Bre-X became known as the largest mining fraud in Canadian history back in 1997 when its claim of a major gold discovery in Indonesia proved to be a fake.

Investors around the world lost an estimated $3 billion in the resulting collapse of the company’s share price.

Deloitte and Touche was appointed as trustee in bankruptcy of Bre-X Minerals Ltd. by the Alberta court in November 1997 after the company was hit with several multibillion-dollar shareholder lawsuits.

The trustee sought to recover insider trading profits from several of Bre-X’s former executives in Ontario and an action was pursued in Alberta against Bre-X’s sister company, Bresea Resources Inc.

Litigation was also pursued in the Cayman Islands, the Bahamas and Philippines and efforts were undertaken to recoup monies that had been deposited in a Channel Island Trust.

But in the end, the action from 1998 through to 2011 recovered only $5 million from the Channel Island Trust and a further $2 million in the settlement of the action against Bresea.
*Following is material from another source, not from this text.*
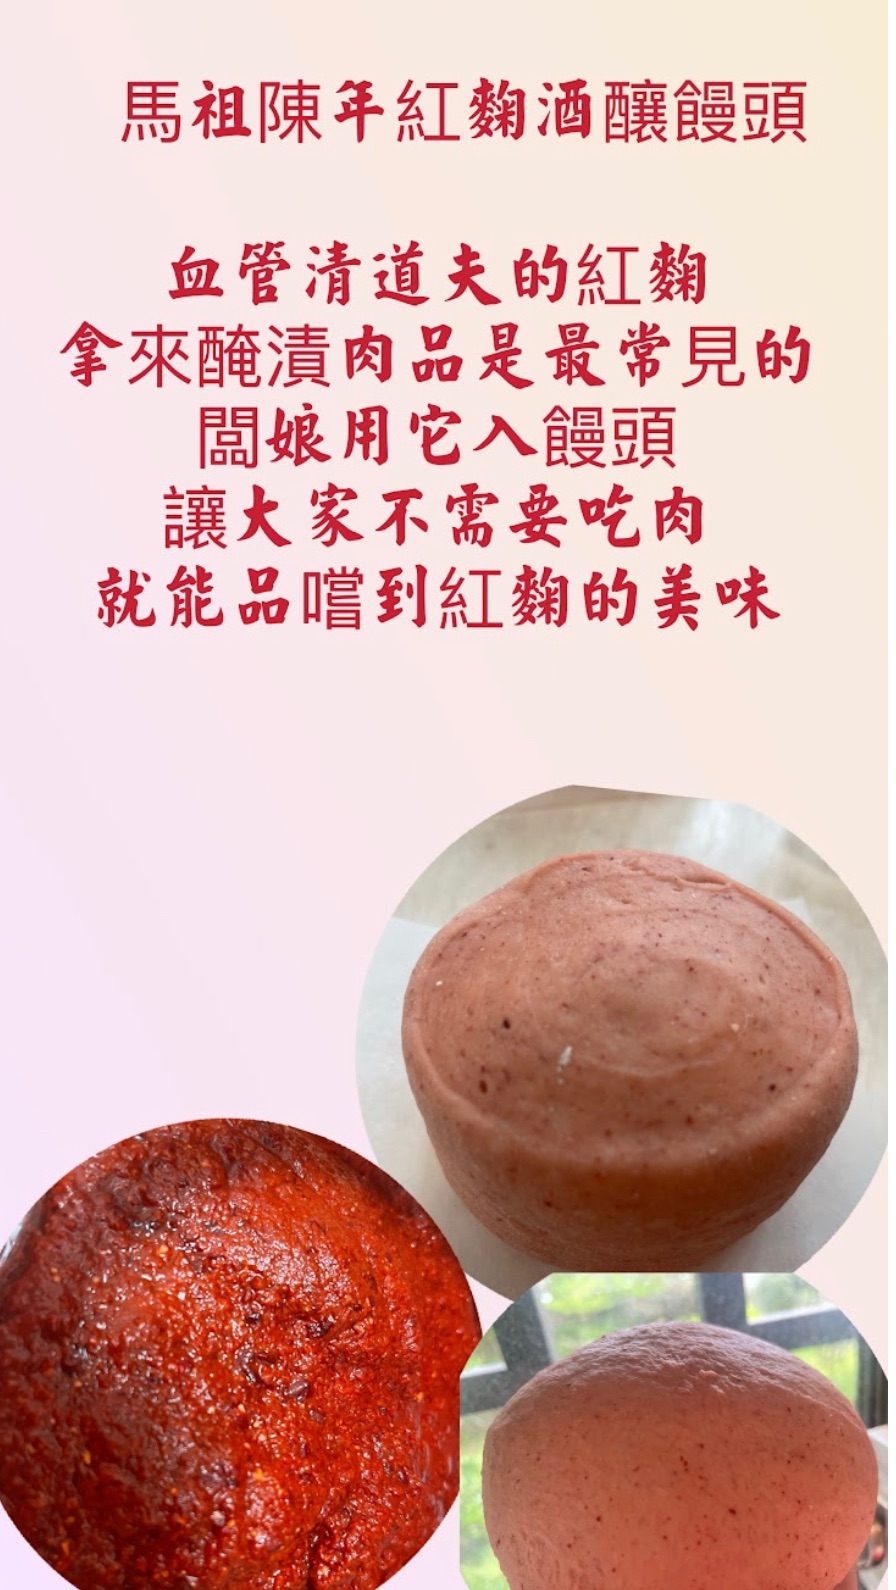 馬祖陳年紅麴酒釀饅頭

With court approval, the funds were added to the cash on hand and used to fund ongoing recovery efforts. However, Deloitte said that by 2011 it had become apparent no further recoveries were possible.

Part of the reason was that funds frozen under various injunctions had been spent under the terms of those orders that permitted payment of the defendants’ living expenses and legal costs, Deloitte said at the time.

As well, one of the principal targets of the litigation, Bre-X’s geologist, John Felderhof, was acquitted after a lengthy Ontario Securities Commission trial.